Tuesday, March 13, 2018

“Yes, it is good, but what is it?” then it is right for Emanations -- Kostelantez Responds

Highbrow readers are acquainted with the Call for Submissions for Emanations, which culminates in the line: "If a story or poem makes someone say, 'Yes, it is good, but what is it?' then it is right for Emanations."

Recalling this, Richard Kostelanetz (website) sent me the following from an exchange with Thomas Fink that is forthcoming in Dichtung Yammer.
Fink:  Why might one call your poetry “poetry”?
Kostelanetz:   What else to call such artistic inventions with words when no other category is more appropriate, though from time to time I’ve heard the dismissive “not poetry,” which I don’t mind as much as others might, since I appreciate the distinguished tradition of work dismissed as “not art” in the 20th century.
   "Word games” I’ve been told, though from time to time I’ve argued as a critic that some so-called word games, such as palindromes or tongue-twisters, represent inventive High Folk Poetry that is esthetically formalist by virtue of its compositional rules.
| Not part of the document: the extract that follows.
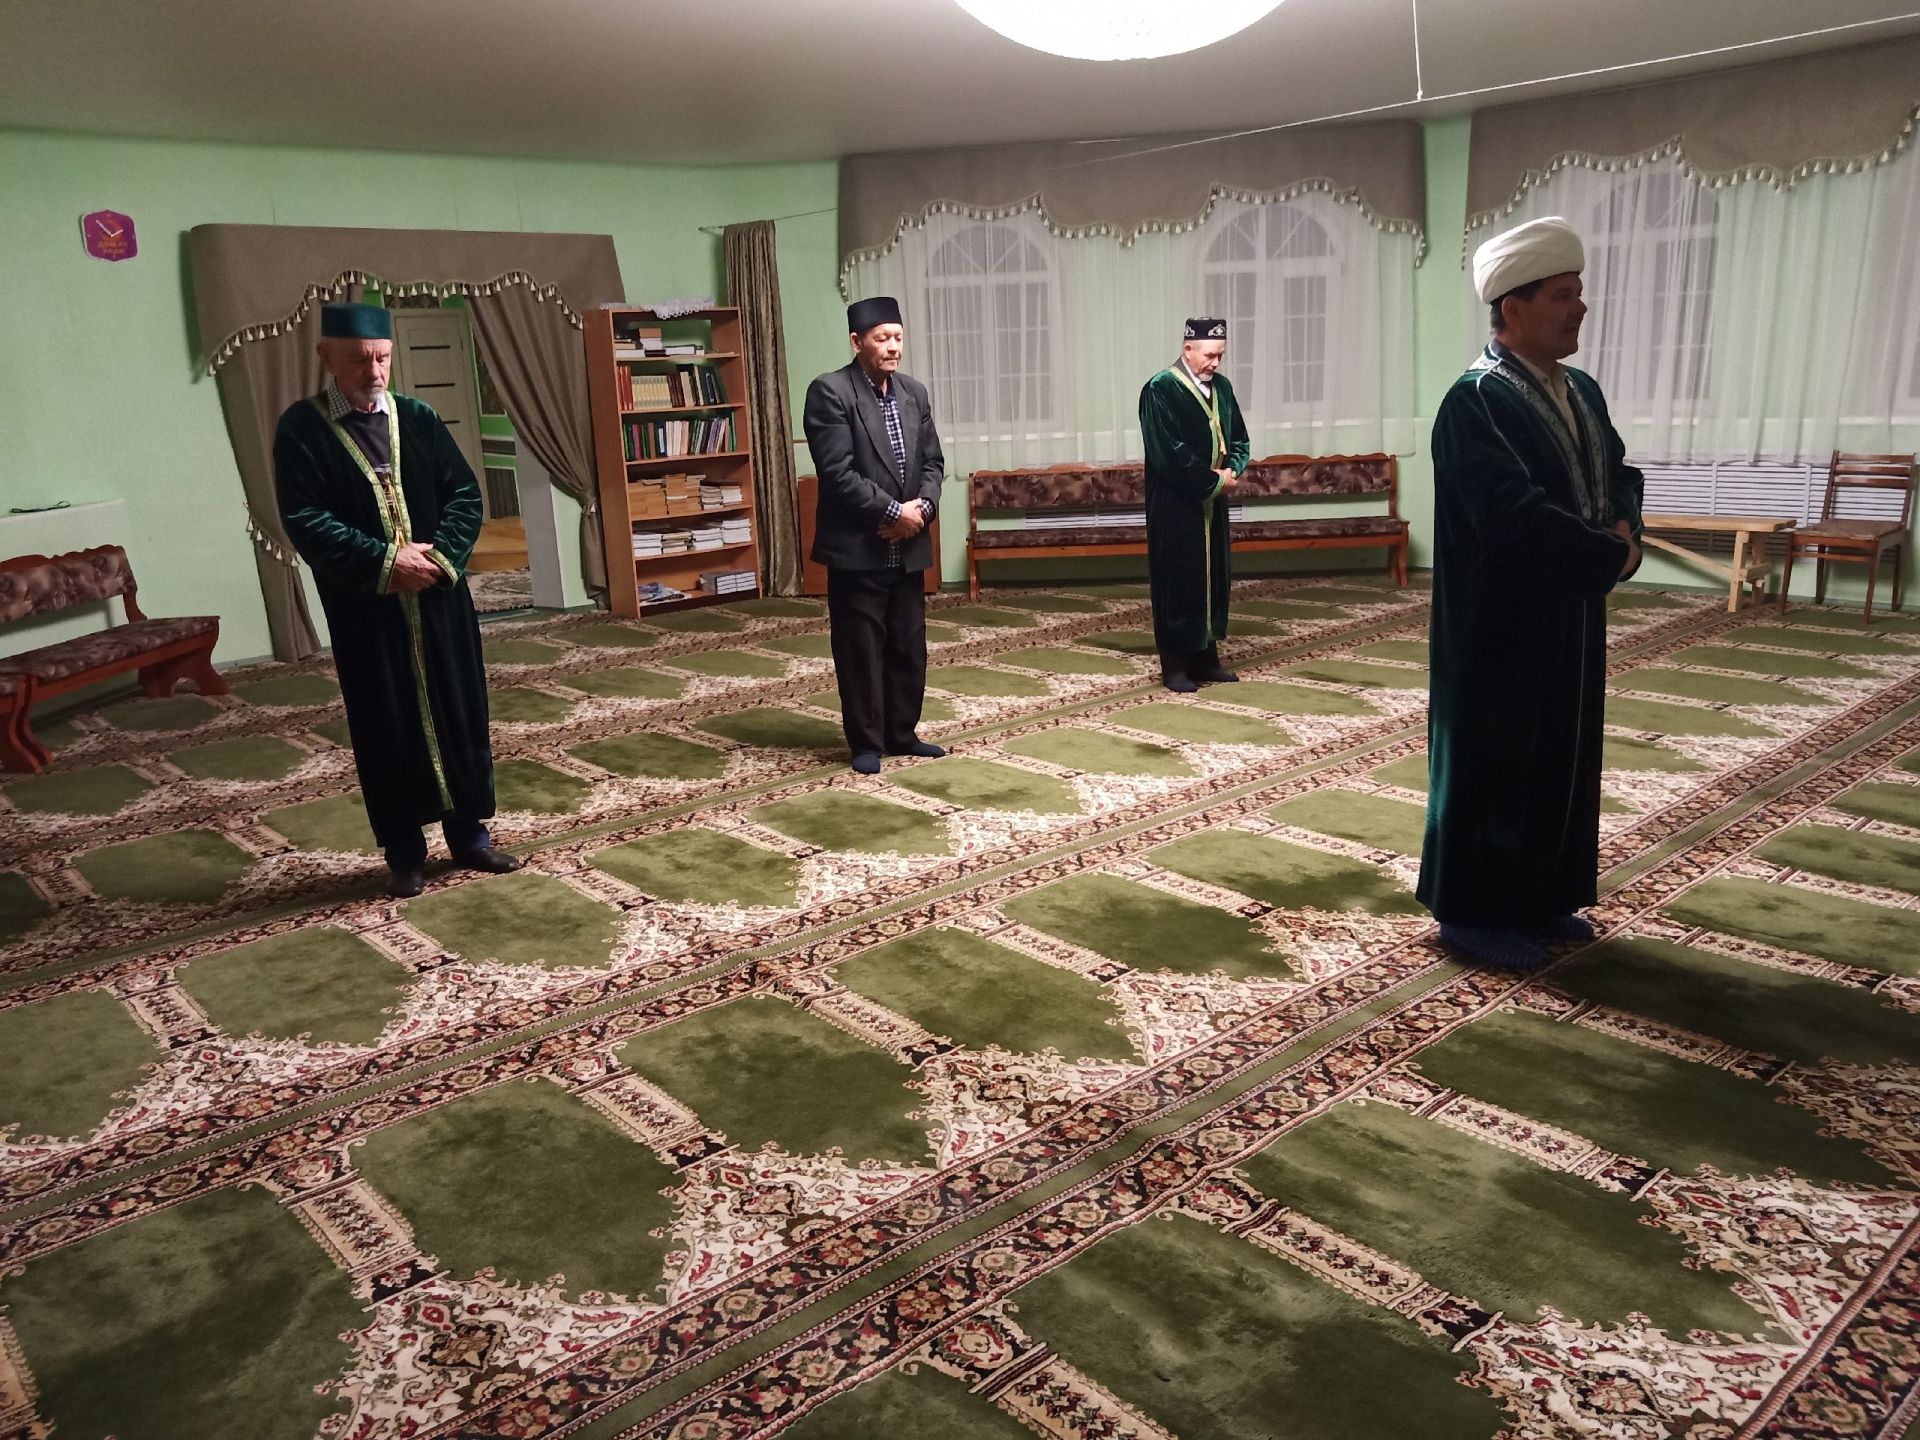 Видео: в праздник Ураза-байрам в мечети Алексеевского провели утренний намаз

I suppose some of the more challenging crossword puzzles would count as well, though I don’t do crossword puzzles or play Scrabble, among other popular recreations with words. (My mother was an ace at the word game called Anagrams, which she said she never lost. I know I never beat her. Couldn’t figure out how she did it, because she didn’t read much. I grew up in a house with no lamp next to any chair. My father on weekends would put his New York Times on the carpet to read it.)
   In my book Proudly I Parade Exclusions (2017) I gladly note that the Poetry Foundation, the Academy of American Poets, Poets’ House, Ubuweb, magazines with “Poetry” in their title, the “best” poetry annuals, and the poetry book reviewing media have never acknowledged me, even though my poems have appeared for decades, yes for more than five decades, in several highly selective poetry anthologies and are mentioned in several critical histories of poetry.  Though I have received a few dozen grants and fellowships, the only sponsor to reward my creative writing was the Berliner Kunstlerprogramm. By this measure of continued American institutional resistance alone, was, is, and must my poetry still be genuinely avant-garde. Consider that being unacceptable for fifty years, even with elite recognitions, might be a unique achievement in American arts. Not even John Cage was unacceptable for so long.